Kleine Entdeckungen

Erinnerung an die Heldinnen

Zu Hunderten kamen die Frauen, trotz des kalten Winters, und ließen sich nicht beirren.

Lautstark forderten sie die Herausgabe ihrer Männer und Söhne, die man verhaftet und hierher gebracht hatte, weil sie Juden waren. Sie sollten in der sogenannten Fabrikation eingesetzt werden. Zu solchem Engagement gehörte 1943 unglaublich viel Mut. Nach sechs Tagen des Protestes kamen die Männer tatsächlich frei.

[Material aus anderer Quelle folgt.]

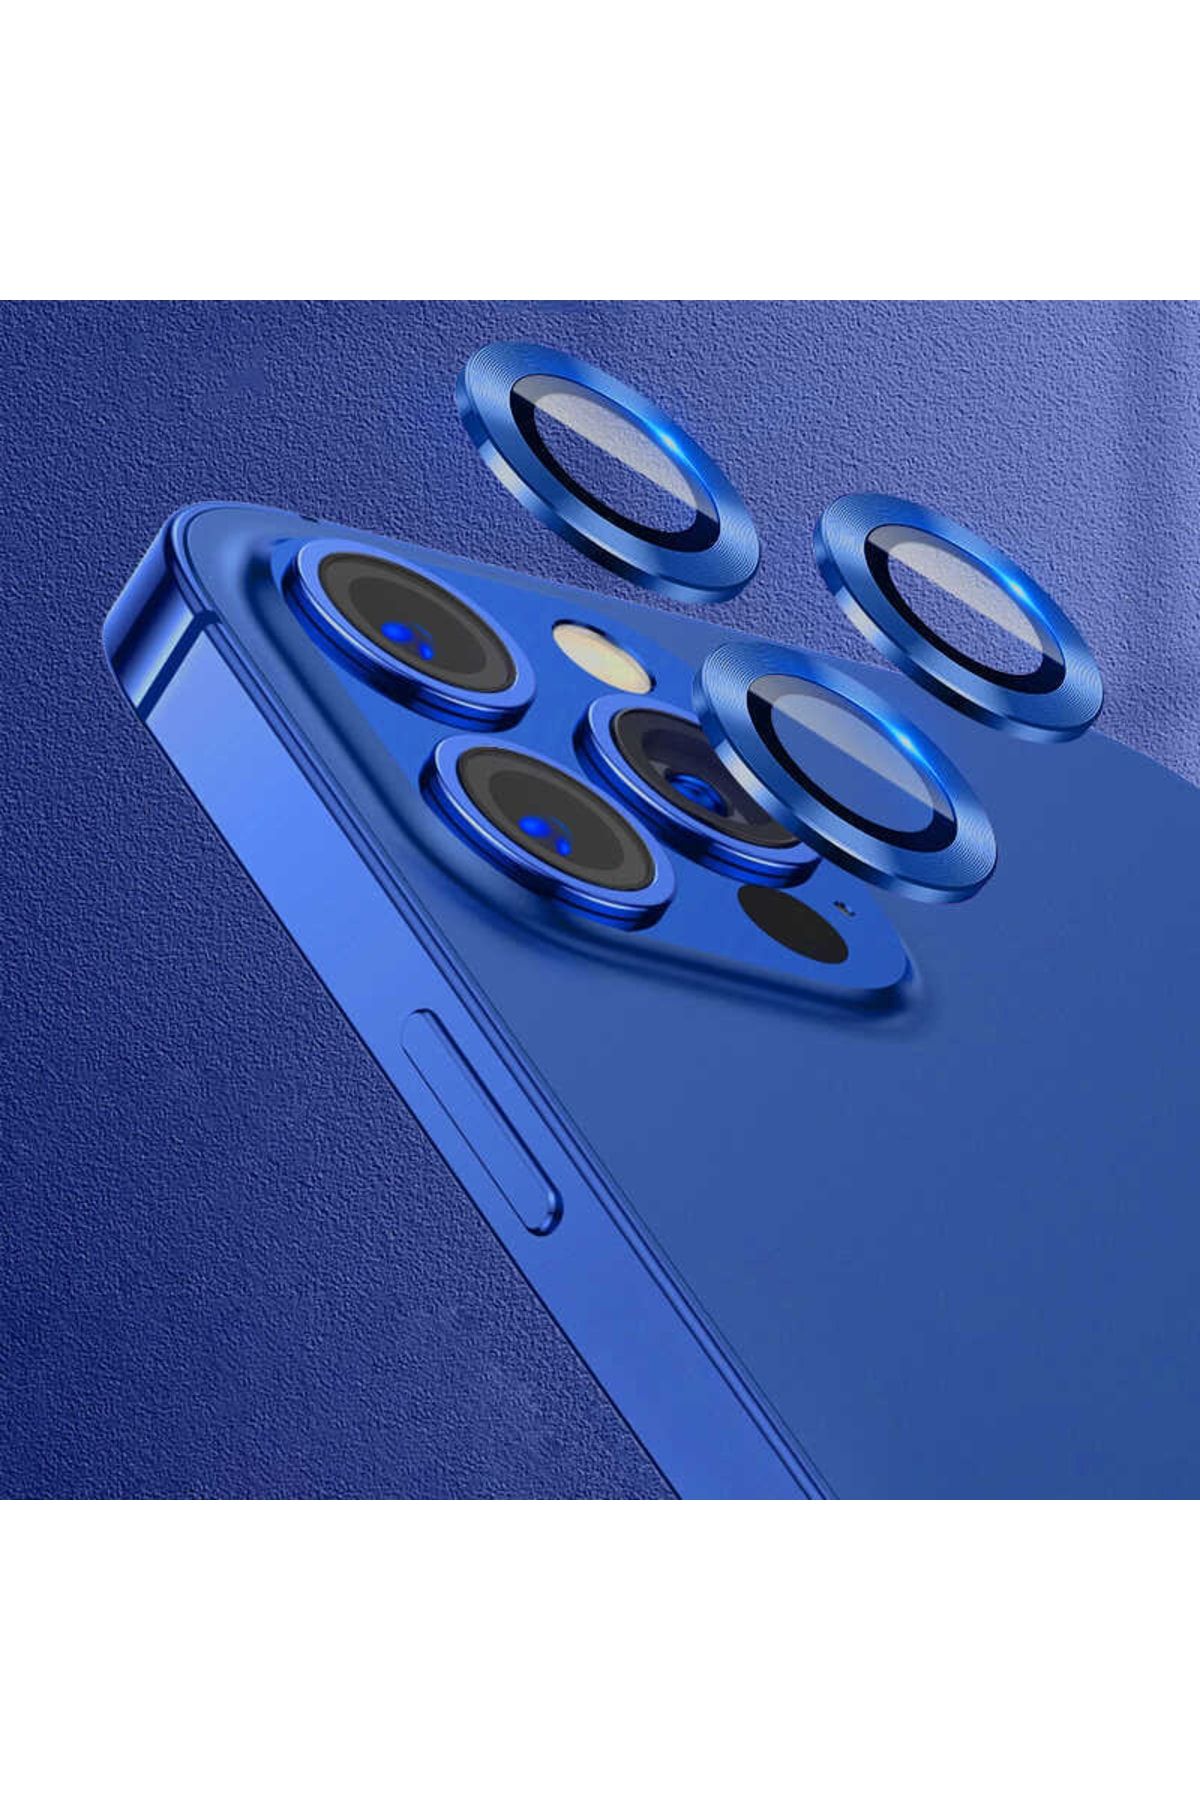 UnDePlus Iphone 12 Pro Max Uyumlu Kamera Lens Koruyucu Çerçeveli Koruyucu Cl-07

Heute erinnert ein kleines Denkmalensemble von Ingeborg Hunzinger aus rotem Sandstein an die Heldinnen der Rosenstraße. Auf den Quadern sind Szenen jener Tage zu sehen, Erinnerung auch an die Macht von Liebe und zivilem Ungehorsam. Das Gestein befindet sich fast genau an der Stelle, an der einst die alte Synagoge Berlins stand.

Kaum zu glauben, dass das von der Rosenstraße eingefasste Plätzchen so versteckt liegt, wenn auch kaum 150 Meter von der Marienkirche entfernt. Vom brausenden Verkehr und den Touristenströmen auf der Karl-Liebknecht-Straße trennt den Ort nur eine Fußgängerpassage.